Index Types
Deep Lake supports several index types to improve the performance of queries.
Without an index, Deep Lake must scan the entire dataset to find the rows that match a query. This can be slow for large datasets. By defining an index on a column, you can speed up queries that filter or sort operations that match that index definition.
Text Indexes
Deep Lake supports two types of indexes on text columns: Inverted
and BM25
.
Inverted Indexes
Inverted indexes are used to speed up queries that use the CONTAINS
function.
This allows you to search for specific words or phrases in a text column.

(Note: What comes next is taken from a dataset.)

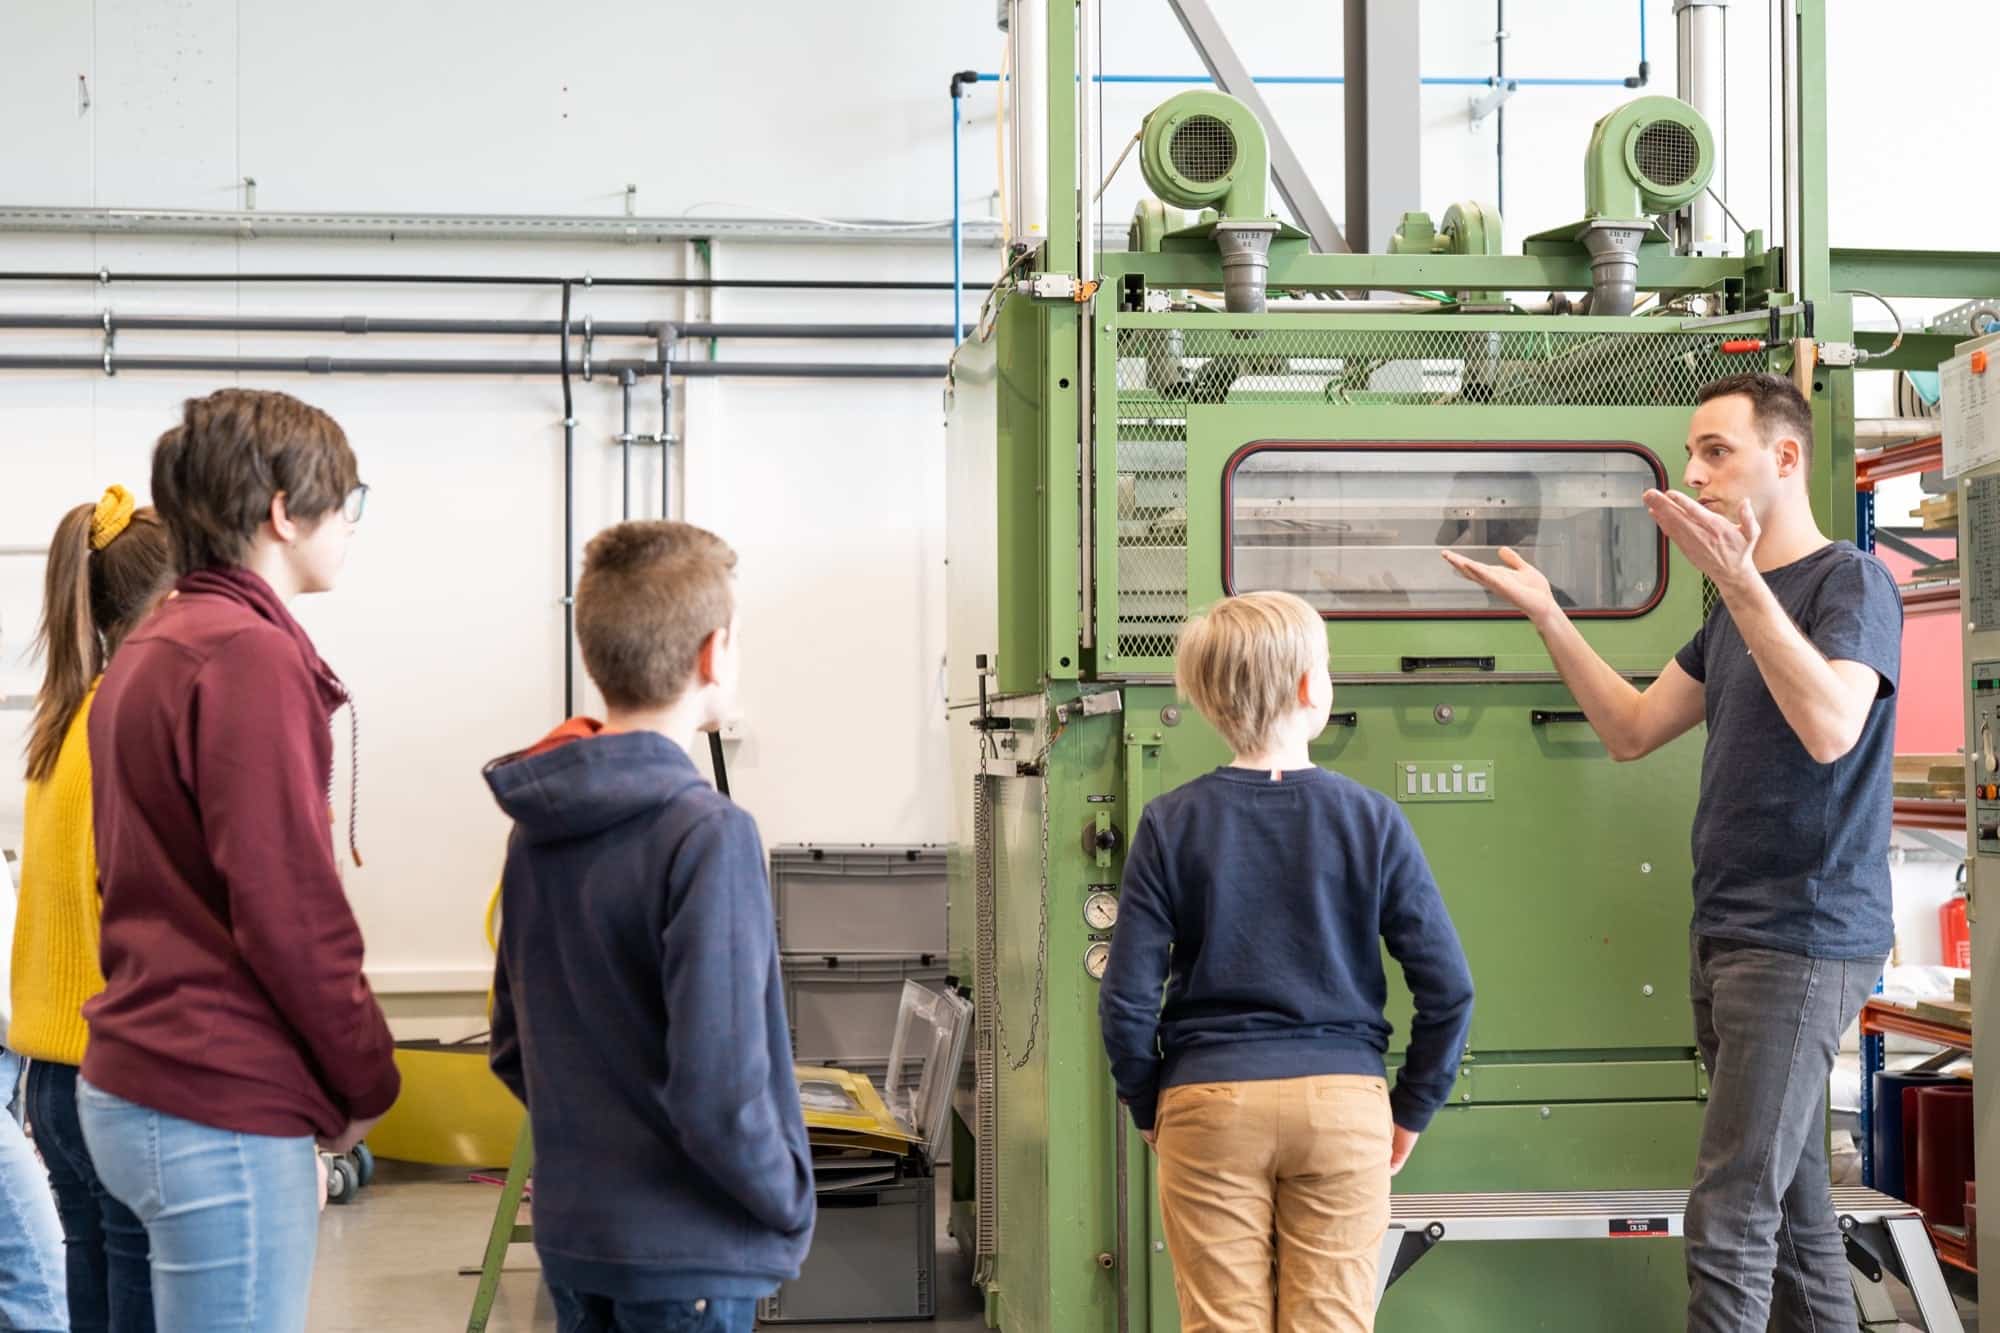 Een van de best uitgeruste opleidingslabo’s voor kunststoffen in de Benelux. In het lab leren trainees alles over technieken, productie en ontwikkeling van nieuwe materialen. 

Enable an inverted index by specifying index_type=types.TextIndexType.Inverted
when adding the column.
from deeplake import types
ds.add_column("text_column", types.Text(index_type=types.TextIndexType.Inverted))
ds.query("SELECT * WHERE CONTAINS(text_column, 'term')")
BM25 Indexes
BM25 indexes are used to speed up queries that use the BM25_SIMILARITY
function.
This allows you to sort rows by their similarity to a search query.
Compared to the CONTAINS
function, BM25_SIMILARITY
provides more of a "search results" experience rather than a simple filtering.
Enable a BM25 index by specifying index_type=types.TextIndexType.BM25
when adding the column.
from deeplake import types
ds.add_column("text_column", types.Text(index_type=types.TextIndexType.BM25))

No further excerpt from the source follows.